This is the third in the what I'm up to at the OU posts. A while back we were part of a consortium that won a bid in the Next Generation Learning Challenges funded by the Bill and Melinda Gates Foundation, Educause, & The Hewlett Foundation. The partners are us (IET at the OU), MIT, the Anne Arundel Community College and University of Maryland University College (UMUC) - the project is Bridge to Success.
It's aim is to use OERs to help community college students who struggle with study skills, and math(s) in particular. So we've taken some OU courses and these have been adapted in the US, and made available through our OpenLearn labspace. But this is about more than just creating content, so these materials are used in classroom instruction, and we are researching how students and instructors find the process.
My role is to head up the research work programme (Patrick McAndrew is the OU lead and does all the real work). One of the things I'm interested here is in the process of adaptation. We have given our materials to US partners to adapt, and what we are looking at is the type and degree of adaptation that occurs. There are at least four types of adaptation that take place:
- Simple context - changing £ for $ is a simple way of thinking about this
- Language adaptation - changing the nature of the instruction that is given in terms of the style used
- Content adaptation - reworking, deleting or adding content so that it meets the needs of a US maths curriculum
- Pedagogic adaptation - altering the nature of activities and instruction based on knowledge of the types of students
Now, you probably want to get away with just doing type 1 adaptation as that is fairly straightforward and takes the least time. But you still need subject experts to do this, and it quickly becomes apparent that it bleeds across to the other types of adaptation too.
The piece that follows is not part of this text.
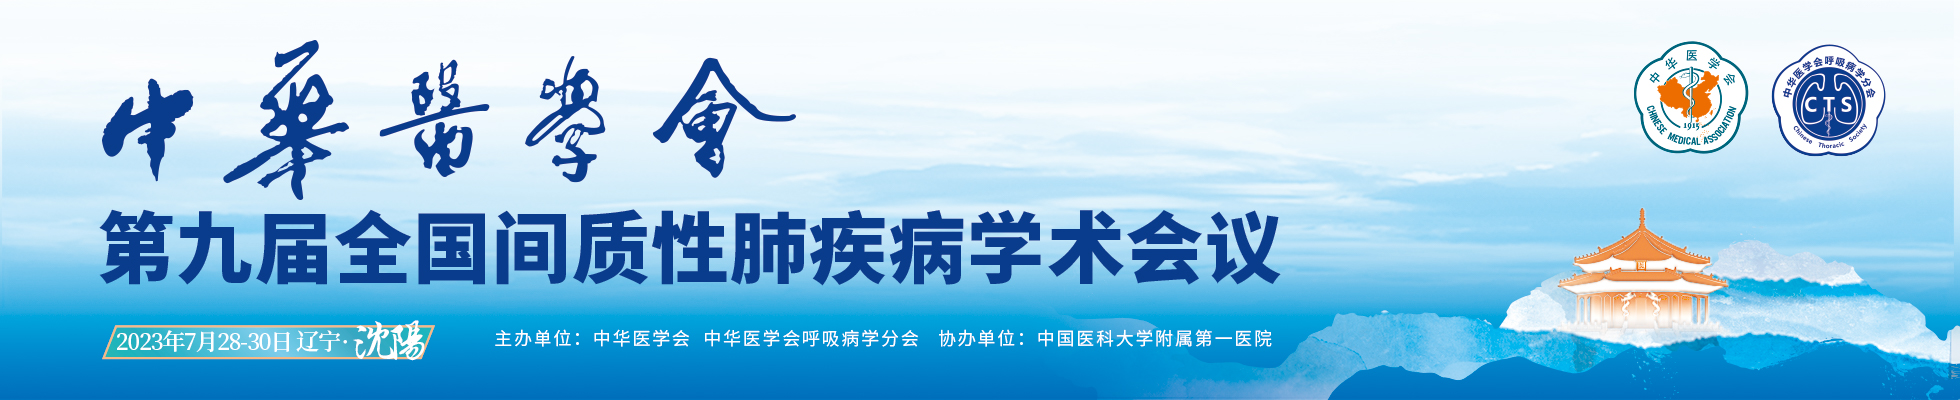 中华医学会第九届全国间质性肺疾病学术会议

It is all context.
So what will be interesting to see is just how much adaptation takes place, whether some instructors adapt more than others, and if this has any impact on student performance. There undoubtedly comes a point when you have adapted something so much, it would have taken as much time to create it from scratch. The argument here then is whether the OER approach is worthwhile, if it takes as long to adapt as to create? Even if this is the case (and we haven't found that to be so yet, but it's still early), the use of OER may lead to better material than creating from scratch - this would be a tough thing to test, but maybe for another project.
Those are the kinds of things I'm interested in, beyond the more practical (and worthwhile) outcomes of hopefully improving student performance, confidence and understanding.